Initially, she is God's fiancée; however, she insists on that it is a decision their parents have made and that she has not yet concurred. She is a bit spoiled, but has a good heart and sincerely cares for her friends (especially later in the series). She appears to be somewhat interested in Kashira.

- Shachou (社長, Shachou)

Being the oldest of the group, Shachou is elected as their leader early on. However, since he is not very decisive, his tries of discussing over and voting on anything are usually undermined by the group. Although he is easily frightened and not as physically adept as the other boys, he will not hesitate to protect his friends. At first drawn towards Manua, he later takes interest in Tiger. Carries a mirror and a comb with him wherever he goes.

- Tiger (タイガー, Taigā)

A bit of a tomboy, Tiger knows how to shoot and fight. She is the only one of the girls usually taking part in dangerous actions. Kashira once remarks that he would like his brother to be as strong as her. Nevertheless, she's also a romantic at heart. Does not like ghosts, thunderstorms and coldness. Develops feelings for Shachou towards the end of the series.
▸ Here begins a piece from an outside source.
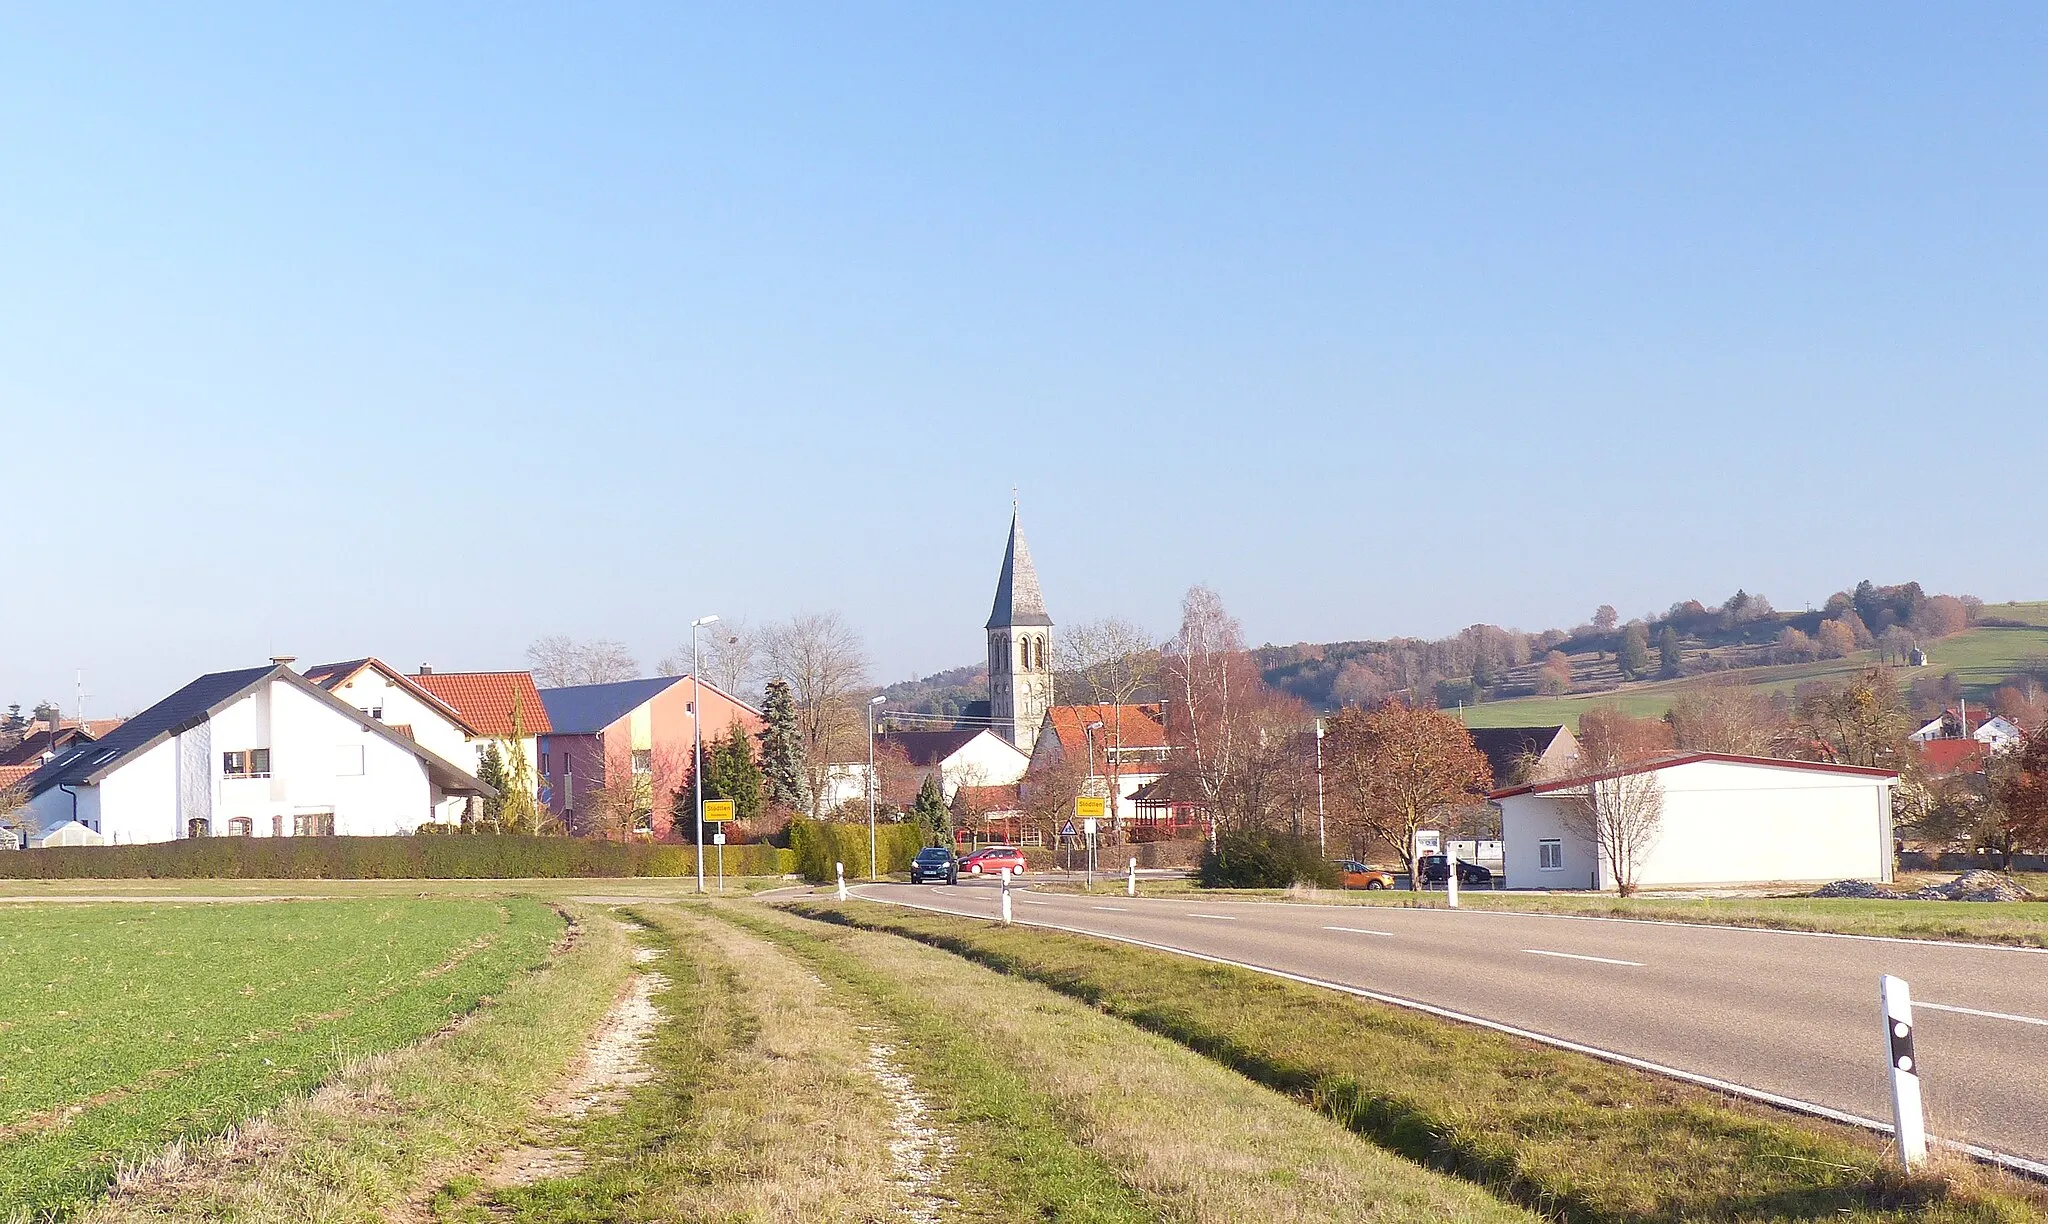 Photo showing: The municipality of Stödtlen

- God (ドニファン(ゴッド), Donifān (Goddo))

God is probably the most egoistic of the children. He is initially engaged with Hime, but she doesn't seem to approve too much. God usually opposes the others' opinions and decisions, especially in regard to Kashira. He joins General Mosar for a while, telling him how guns work. On a number of occasions, he tries to betray the group by running away alone or with Hime, Asuka or his followers Snake and O-Taku, but mostly without success. While he mostly acts foolishly selfish and gets the group in trouble, on rare occasions it is depicted that he actually does care for beings besides himself.

- Snake (スネーク, Sunēku)

Snake is a sort of friend/underling of God and keeps following him around although God keeps scolding and punching him. When he's not under God's thumb he can act quite smart.

- Tank (タンク, Tanku)

A rather massive, but easy-going fellow who tries to act as a moderating voice and is quite skilled in cooking.

- Doctor (博士, Hakase)

A typical meganekko, Hakase is tech-savvy and intelligent. Although she isn't talking much, she is far from shy and will raise her voice if necessary (i.e. if it's a topic she feels knowledgeable in).

- O-Jou (お嬢, Ojou)

A young girl who is Ben's romantic interest.

- O-Taku (オタク, Otaku)

O-Taku is God's younger brother, thus following him around most of the time, yet it is hinted that he does not concur with the majority of his actions. When idle, he is mostly seen playing videogames on his handheld. Takes a liking in O-Jou and thus dislikes Ben. Although he's not a principally bad person, he doesn't really follow altruistic motives either.

- Beso (ベソ, Beso)

Kashira's younger brother. He's nice and less reckless than his elder sibling. Fancies O-Jou.

- Gacha (ガチャ, Gacha)

A young girl who is easily upset and tends to cry a lot. Obsessed with General Mosar whom she starts to call "uncle" as the show progresses.

- Donmali (ダンマリ, Danmari)

One of the younger kids and closest friend of Zans; usually carries him around.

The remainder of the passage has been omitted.